Pressemitteilung 2002/155 vom

In Leipzig gibt es den ältesten botanischen Garten Deutschlands. Seit kurzem kann ein spezieller Apothekergarten besucht werden. Neben der Lehre von den Heilpflanzen dient er der Information und der Erholung der Bevölkerung.

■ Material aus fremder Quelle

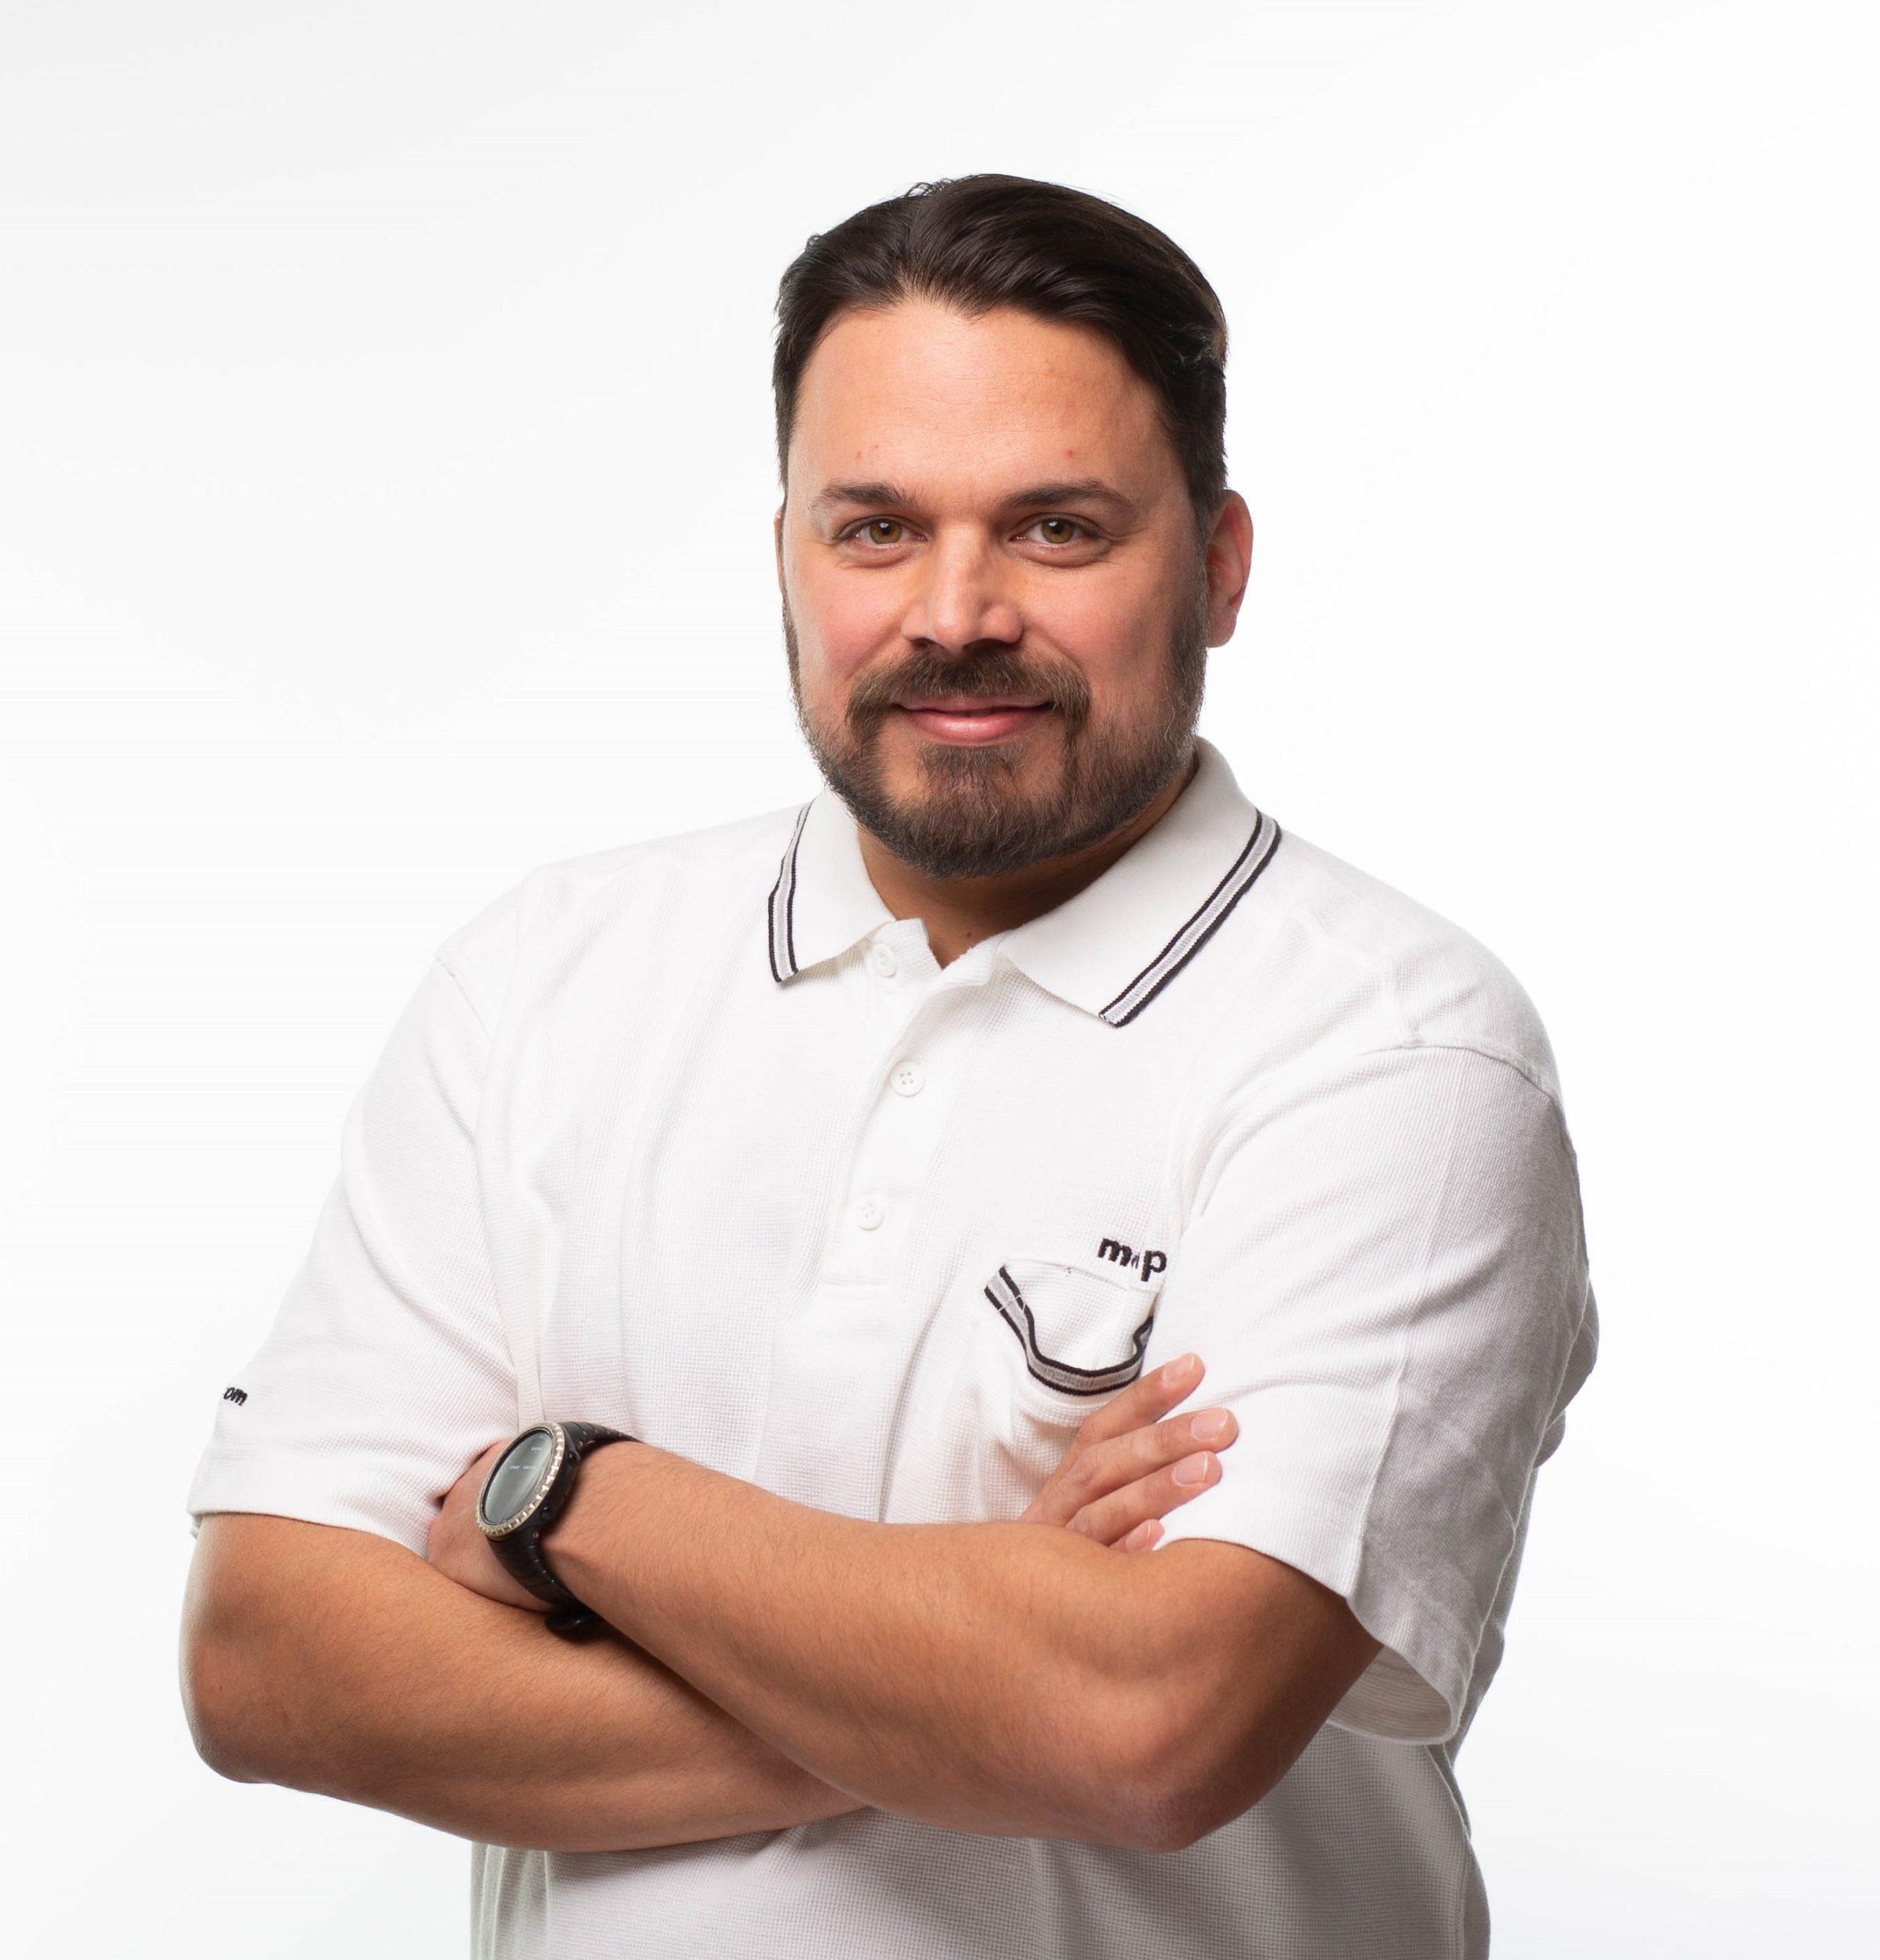 Dr. Fabian Gerber

Wer kennt nicht den Botanischen Garten der Universität Leipzig mit seinen neu gestalteten Gewächshäusern. Seit etwas über einem Jahr hat er einen zweiten, kleineren Standort, der als "Apothekergarten" ausschließlich den Gewürz- und medizinisch genutzten Pflanzen gewidmet ist. Zwischen dem Botanischen Institut und der Linnéstraße liegt er verkehrsgünstig, aber dennoch ruhig am Rand des ehemaligen Neuen Johannisfriedhofs, dem heutigen Friedenspark, nahe dem historischen Haupteingang "Vor dem Hospitaltore". Malerisch umrahmt von den Bäumen des Friedhofs umfasst er eine Fläche von 3.000 m². Der Garten ist ein Gemeinschaftsprojekt der Universität Leipzig, des Grünflächenamts der Stadt Leipzig und der Madaus AG, einem Pharmaunternehmen, das auf pflanzliche Heilmittel spezialisiert ist.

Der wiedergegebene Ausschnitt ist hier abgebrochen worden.